# TASK TO COMPLETE
Write out exactly the lines from the one with "Xue Song 薛 松, Landscape of Tranquility, 2011" through the last line of the data below, but not the pictures.

# GIVEN DATA

"""

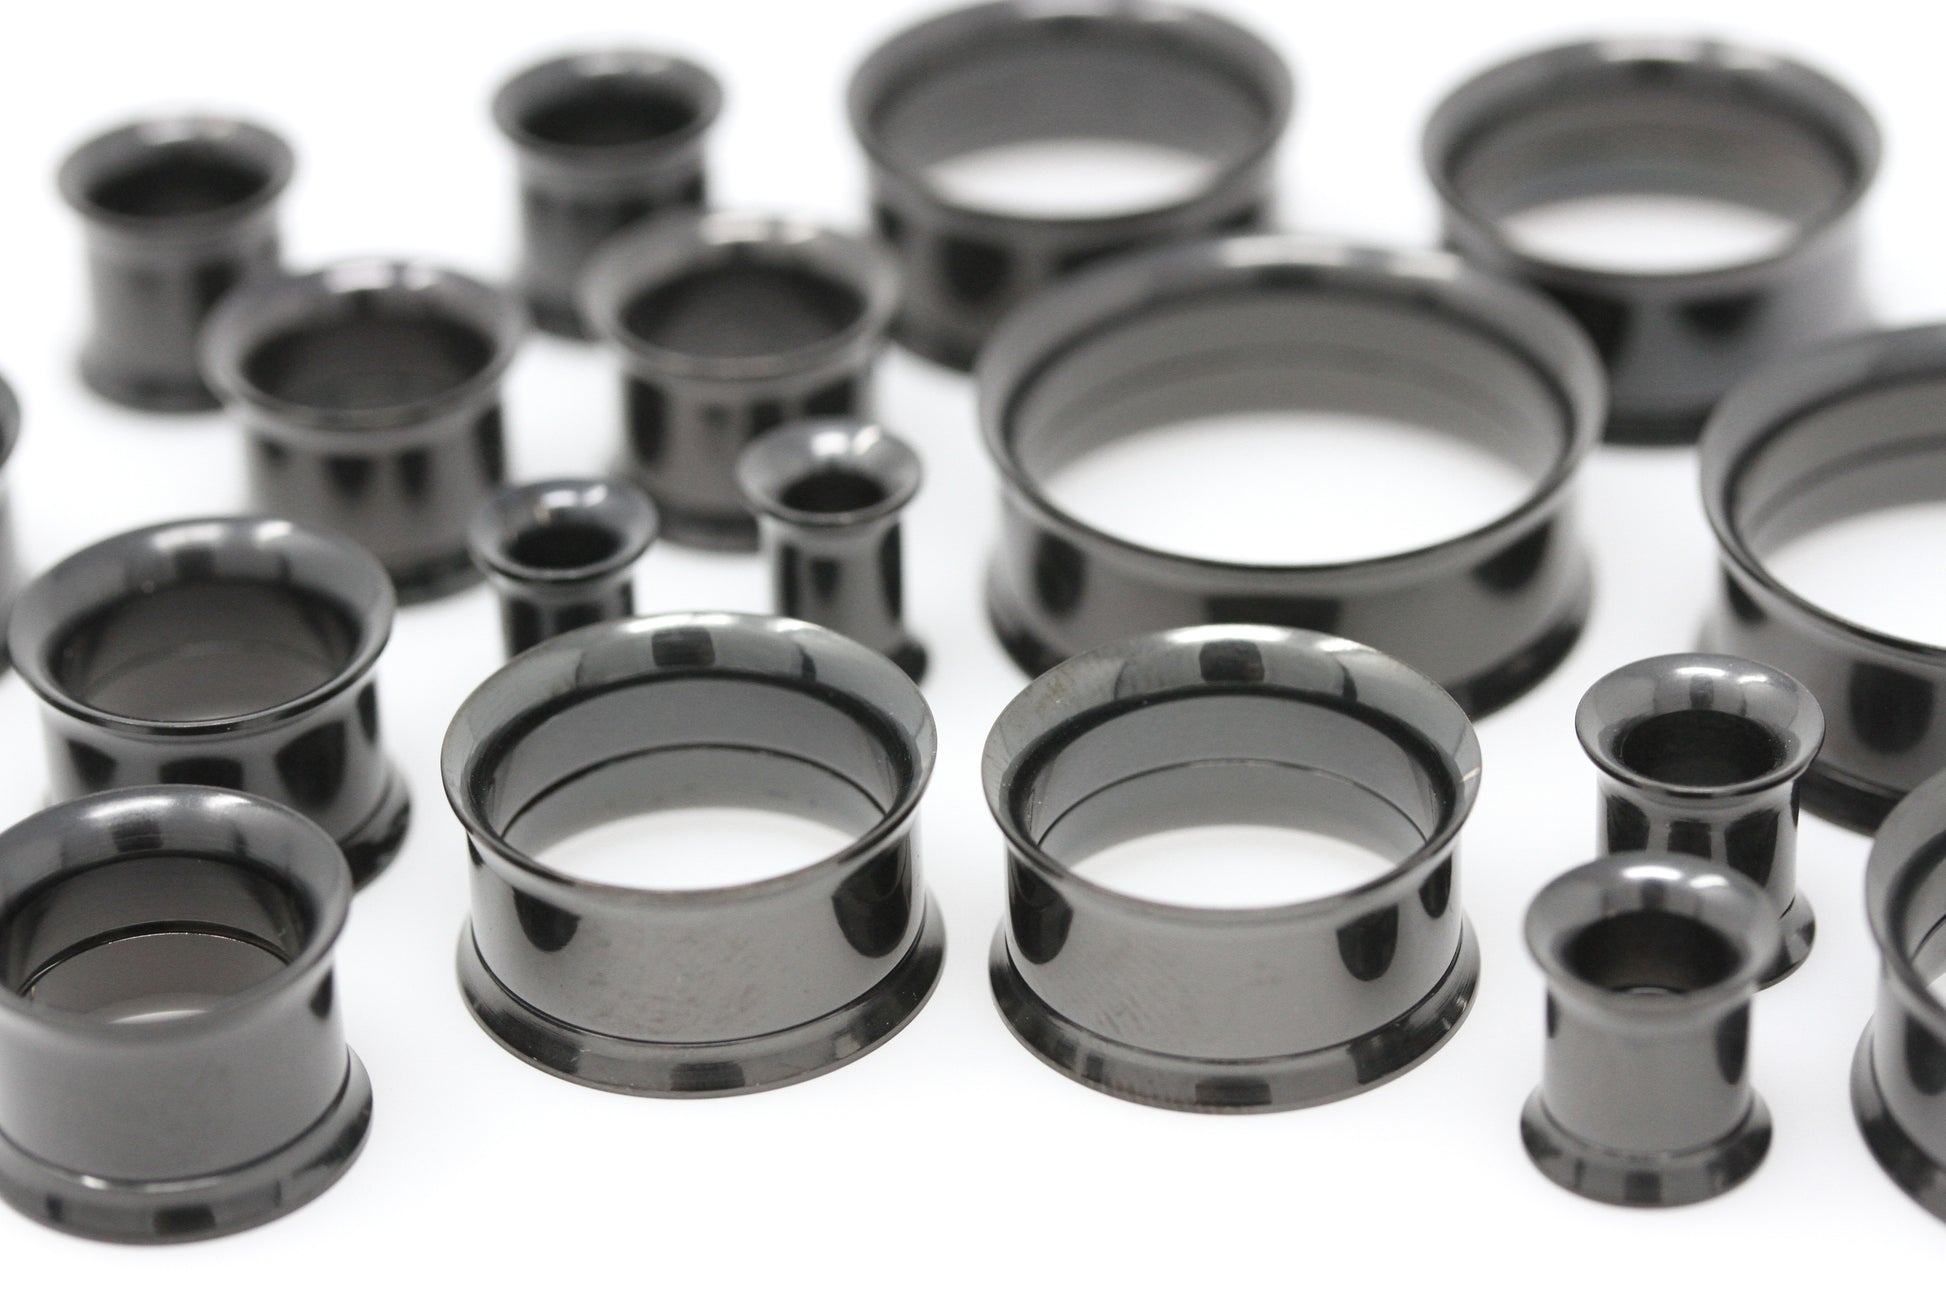 Black Colored Stainless Steel Tunnel Plugs
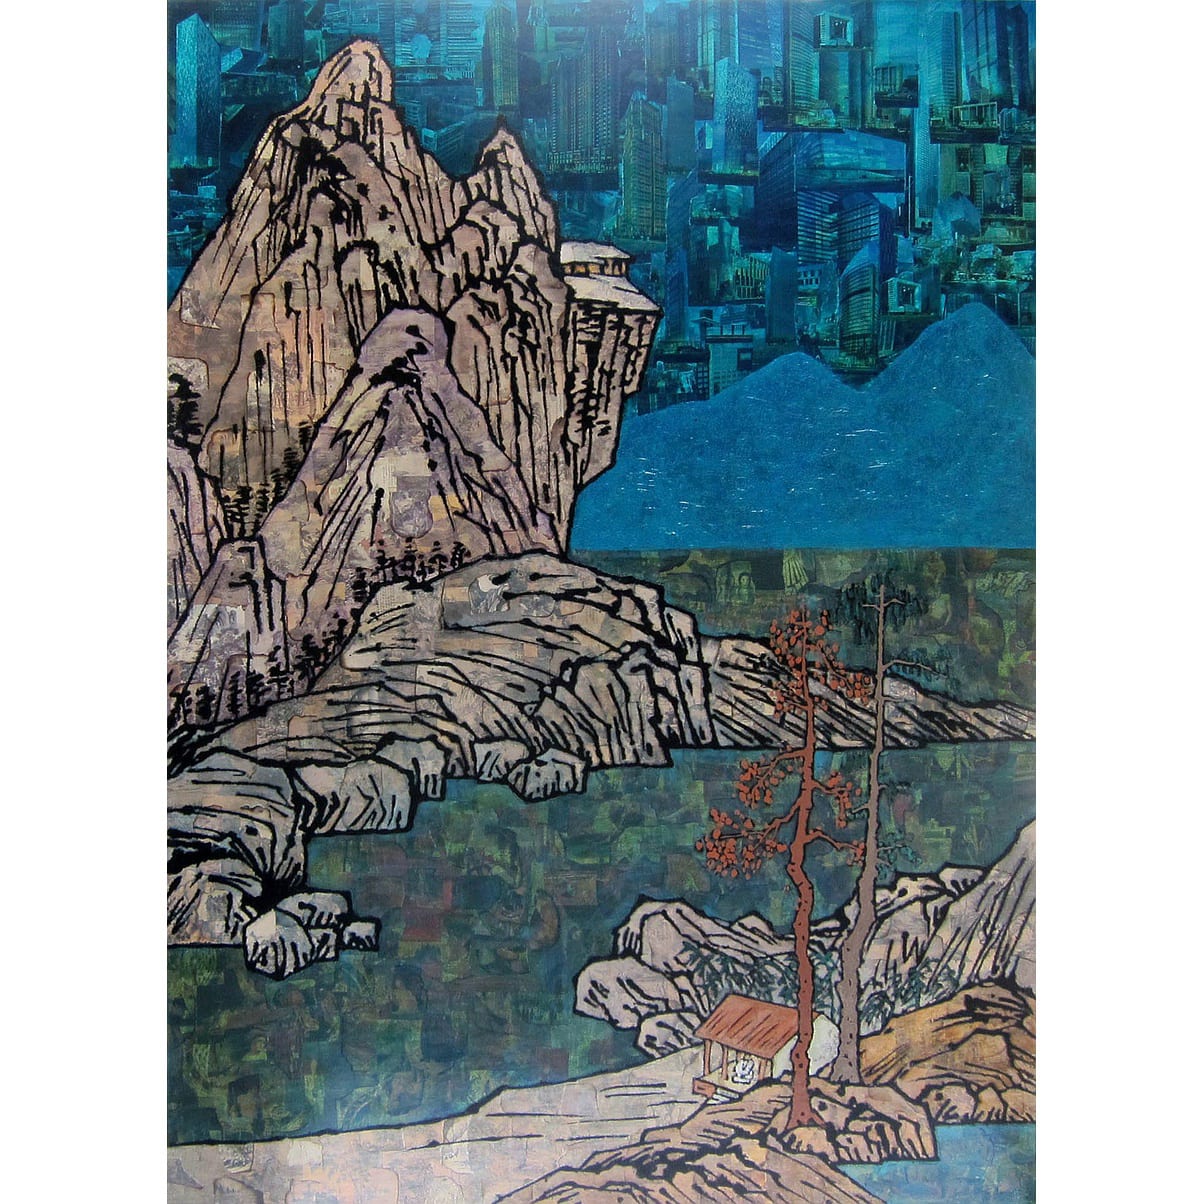 Xue Song 薛 松, Landscape of Tranquility, 2011
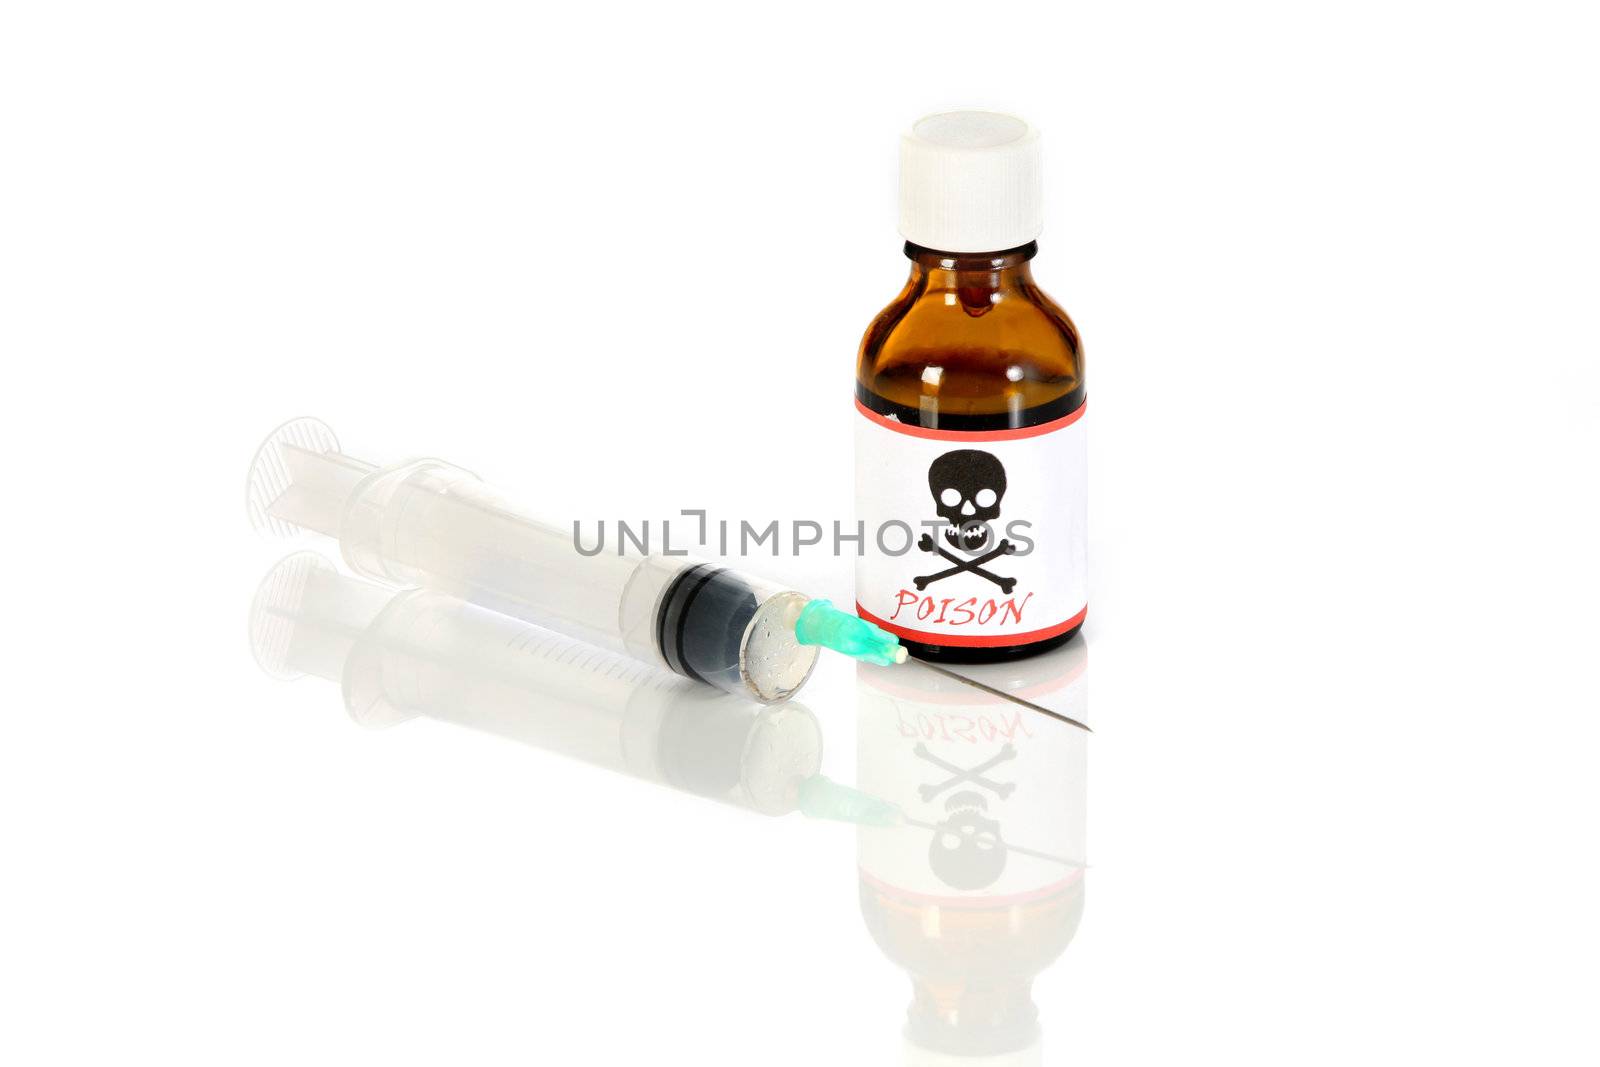 injection and poison bottle on white background
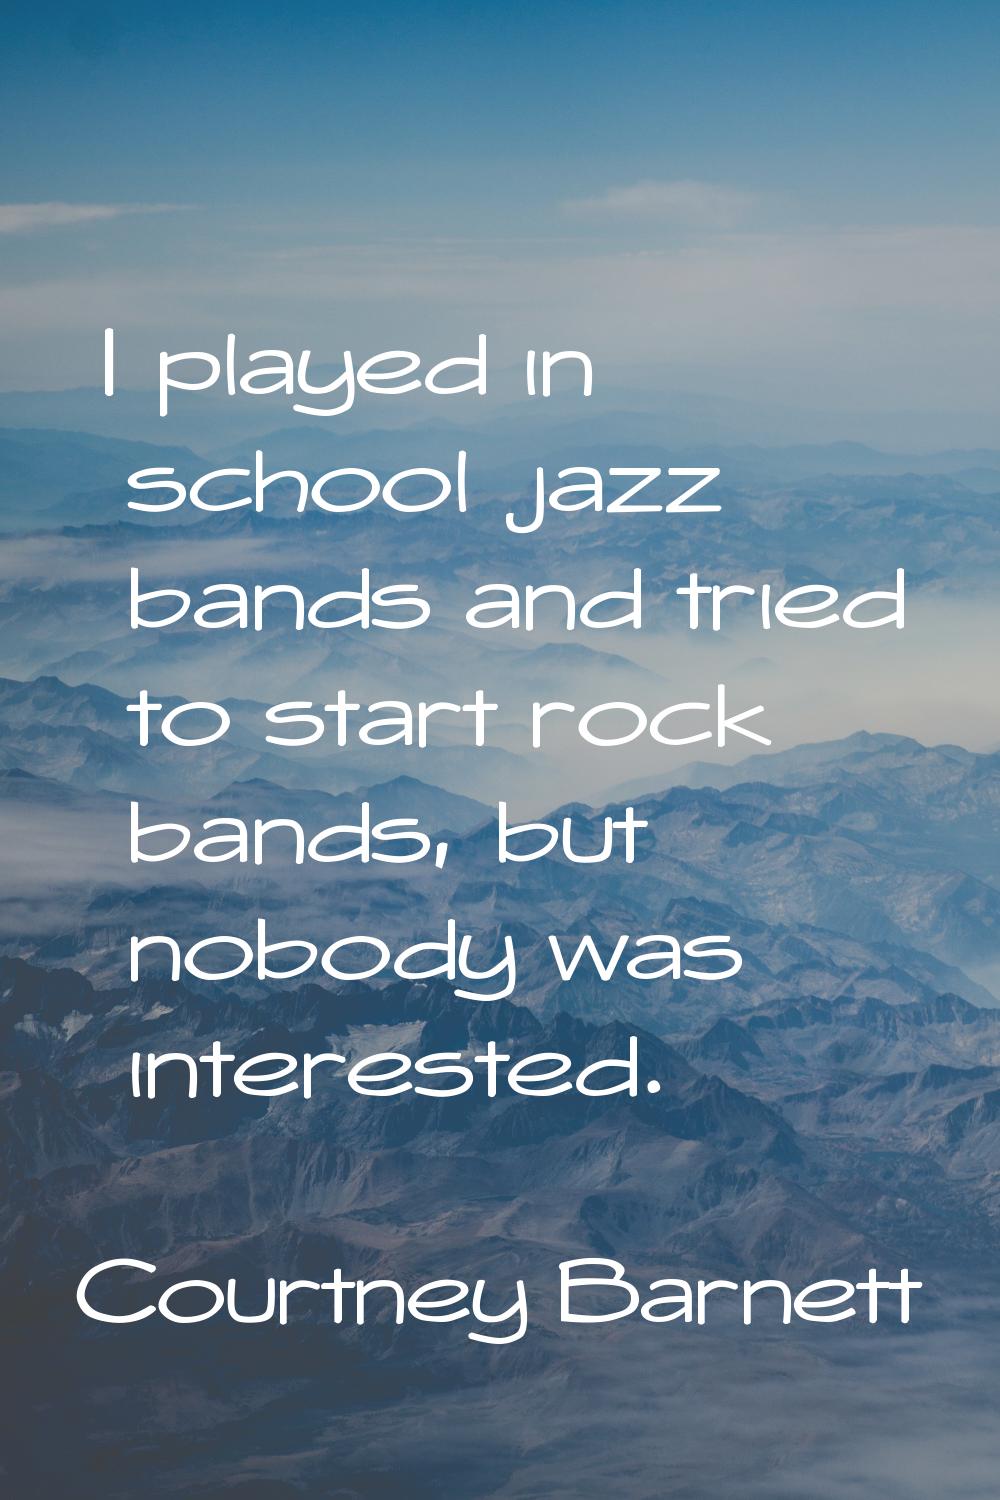 I played in school jazz bands and tried to start rock bands, but nobody was interested.

"""

# ANSWER SPACE
 Xue Song 薛 松, Landscape of Tranquility, 2011
 injection and poison bottle on white background
 I played in school jazz bands and tried to start rock bands, but nobody was interested.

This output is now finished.